Opinion
No. 2013BX004068.
2013-05-28
Robert T. Johnson, District Attorney, Bronx County, by Ara K. Ayvazian, Esq., Assistant District Attorney, for the People. David J. Druckman, Esq., for the Defendant.
Robert T. Johnson, District Attorney, Bronx County, by Ara K. Ayvazian, Esq., Assistant District Attorney, for the People. David J. Druckman, Esq., for the Defendant.
JOHN H. WILSON, J.
Defendant is charged with one count of Criminal Possession of Stolen Property in the Fifth Degree (PL Sec. 165.40), a Class A misdemeanor.
By omnibus motion dated March 27, 2013, Defendant seeks the following: dismissal of the sole charge, asserting that the People's complaint is facially insufficient; and suppression of all physical evidence seized and statements made to law enforcement personnel, as well as evidence of any prior bad acts.

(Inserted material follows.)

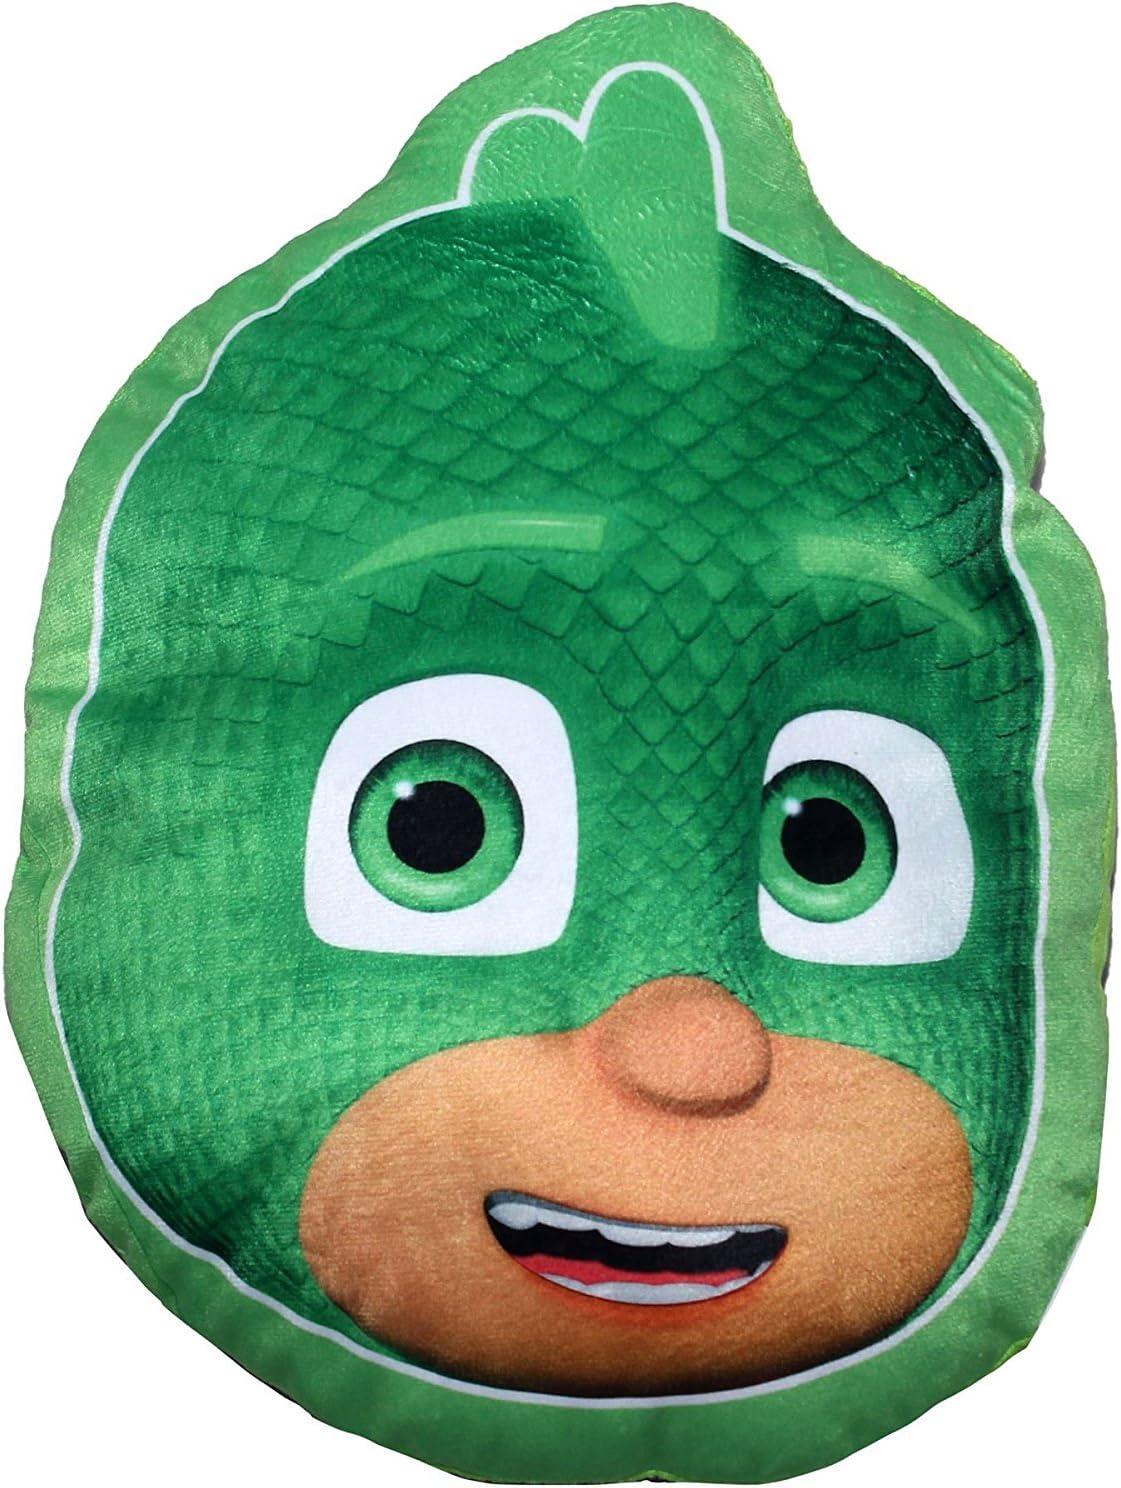 ENVI Pj Mask Gecko Shaped Cushion

The Court has reviewed the Court file, Defendant's motion, and the People's Response dated April 3, 2013. For the reasons stated below, the motion to dismiss is granted to the extent of ordering the People to provide a superceding information to the Court and defense within 30 days of the date of publication of this decision to the parties.
If the People successfully supercede the complaint, the motion for pre-trial hearings is granted, to the extent of ordering a hearing to determine if there was probable cause for Defendant's arrest; whether statements were taken and whether physical evidence was seized in violation of Defendant's rights under the United States and New York Constitutions.
The motion for a pre-trial hearing regarding whether or not the People can use any prior bad acts or immoral conduct against the Defendant is referred to the trial court.
FACTUAL STATEMENT
Pursuant to the Criminal Court complaint dated January 19, 2013, on January 13, 2013, at 3:15 PM, at 3983 Barnes Avenue, Bronx, NY, Defendant was observed by Police Officer Robert Konner to be in possession of “one (1) Dell Computer Monitor.” See, Criminal Court complaint dated January 19, 2013, p1.
The Defendant is alleged to have told the officer that “a person ... was selling the monitor ... I got him to get it off for 30 it was a Dell Monitor. The Monitor was put in my room as a TV.” See, Criminal Court complaint dated January 19, 2013, p1. Further, the purported owner of the Dell Monitor did not give defendant “permission or authority to take, use, remove, possess, or exercise authority over said Monitor.” See, Criminal Court complaint dated January 19, 2013, p2.
The alleged owner of the Dell Monitor provided a supporting deposition in verification of the charges. That document is dated February 1, 2013.
LEGAL ANALYSIS RE: FACIAL SUFFICIENCY
CPL Sec. 100.15 provides that every accusatory instrument must contain two elements; 1) an accusatory portion designating the offense charged, and 2) a factual portion containing evidentiary facts which support or tend to support the charges stated in the accusatory portion of the instrument. These facts must provide reasonable cause to believe that the defendant has committed the crime alleged in the accusatory portion of the accusatory instrument. See, People v. Dumas, 68 N.Y.2d 729, 506 N.Y.S.2d 319 (1986).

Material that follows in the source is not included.